I TOUCH keys that bring my thoughts to life.  The keyboard is another comfort...this tool. Just like opening a book, turning pages, I never tire of the feel of the keys beneath my fingers. I love letters, real handwritten letters, but I absolutely choose typing, over writing.  There's room for mistakes.  Instant second chances with a "backspace".  I can actually keep up with my thoughts when I type.  I lose my patience with handwriting. Waste paper. Throw it away and walk away. Is it strange that I *feel* more like a writer when I type? I suspect so, but I just let it be strange.

Instagram Challenge:  Books

I absolutely love to read, but for the past year or so, I can't seem to focus long enough to get through anything. Magazines are even tough and that makes no sense to me.  I've been reading, Ask Questions, Get Sales since December.  That one makes sense to me. Let the snore fest begin, but it's like 10 pages (168), I need to get my *stuff* (i feel like i've said "shit" a lot in this post) together. Ridiculous.

I recently ordered Lone Wolf, by Jodi Picoult and Under The Mountain by Sophie Cooke.  Normally, as soon as I would rip them out of the Amazon box, my family would know not to talk or try to make eye contact with me for days.  But there they sit, anxiously waiting for me.

I think it probably has to do with where I am at the moment.  Full-time job, Full-time mom/momager, Full-time girlfriend. 108 residents + 6 kids + 1 boyfriend = MUCH.  I'm pretty sure I'm just exhausted.



Friday, September 6, 2013

Get Over It Already


Today, I'm supposed to share 10 songs I love right now.  I'm feeling pretty "eh" about that suggestion, as well as just feeling "eh" right now.  Let's just say it would be a lot of Pink or whatever song could bring on the good cry.  You know, pissed, followed with weepy.  That sort of scenario.

Pretty happy, eh?  So, you know...I won't do that.  I mean, who has the time?

I do love, love, love this song and will play it seriously like 10 times in a row...today.  And get over it.




Instagram Challenge:  Morning Sky.  This is my backyard this morn.





Thursday, September 5, 2013

Fear Not


My blog challenge today is: What Are You Afraid Of?

Oh, I've thought about this one a bit.  It's a question with a lot of answers for me. And they change all the time, the more experience I have behind me, the older my kids get. The list is long.

I really try not to focus on my fear, and especially on things that I have absolutely no control over.  It's mainly the things I do have some level of control over that keeps me up at night.
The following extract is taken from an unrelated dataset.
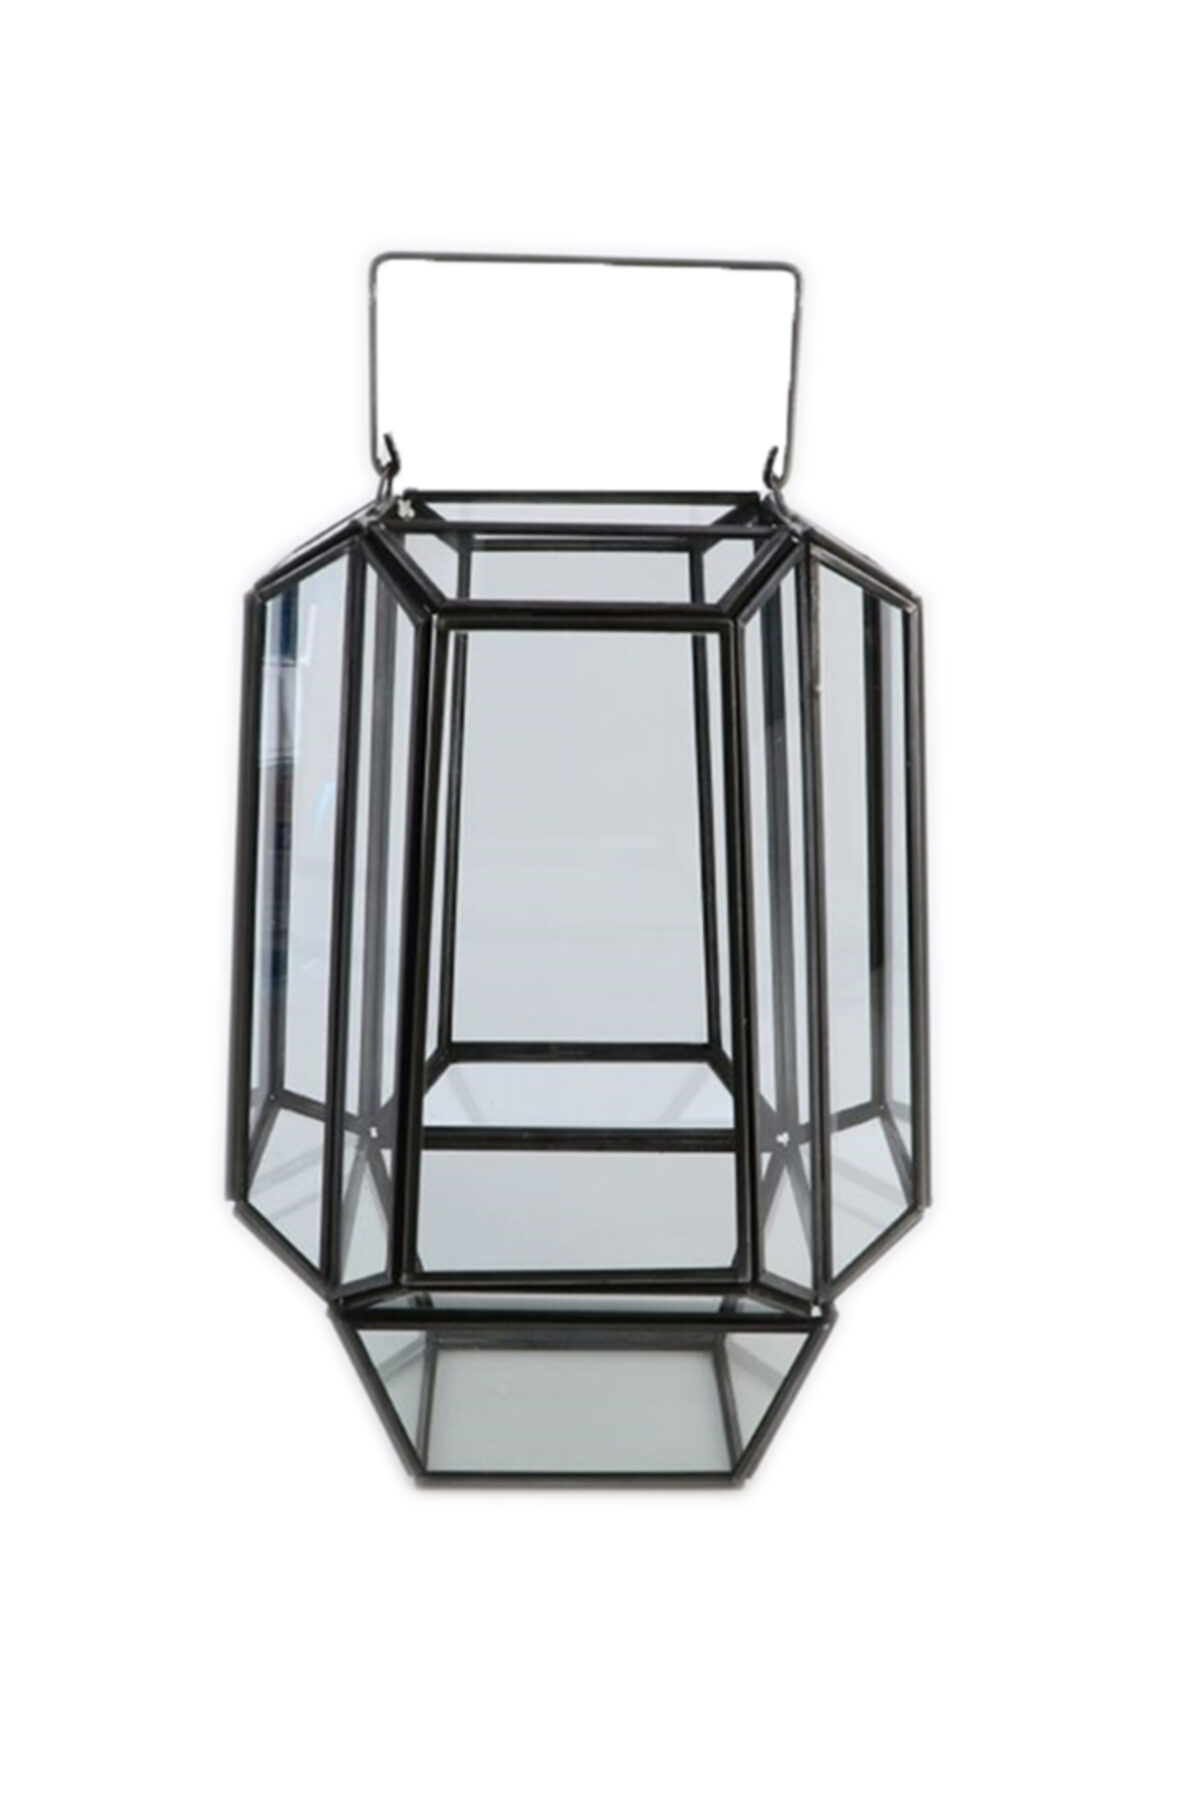 Lanterna geometrica in vetro e zinco d. 19 h. 34 cm

Like teen pregnancy. Like loving these children, making them feel safe and grow confidently, so they are happy, kind, successful adults.  Like food on the table, and making sure bills are paid.   Like loving my partner and meeting his needs enough, that he won't leave me for someone else, eighteen years later. Those things.

My fears have by far graduated from spiders and things that go bump in the night to mainly my family.  I'm very selfish that way.  I fear one of my kids becoming addicted to drugs far more than I fear terrorism, war.  Call me ignorant, but I do feel that so much of "what's out there" starts at home, under your own roof.  I am raising what comes next. I am the example of a marriage, relationships, parenting,  faith, adulthood, love, responsibility, etcetera...that my children see first. I am in their face every day. It's an enormous responsibility.

That said, I wouldn't change this enormous responsibility for anything.  What a gift all of it is, in the end. The reward hugely outweighs the fear.  And I don't live in a constant state of fear.  Worry.  That equals stress and I avoid stress. Downplay it. Pray. Lie to myself if I have to, to make it smaller.  It creates cancer.  Cold sores. It's just when the question is asked of what are you afraid of, it does make you sit and break it down. And I will say, that no matter what I'm afraid of, I will always take that step into the darkness, the unknown. It won't paralyze me.  I have things to do.

The Instagram Challenge is:  Leaves


Fall--the most wonderful time of the year!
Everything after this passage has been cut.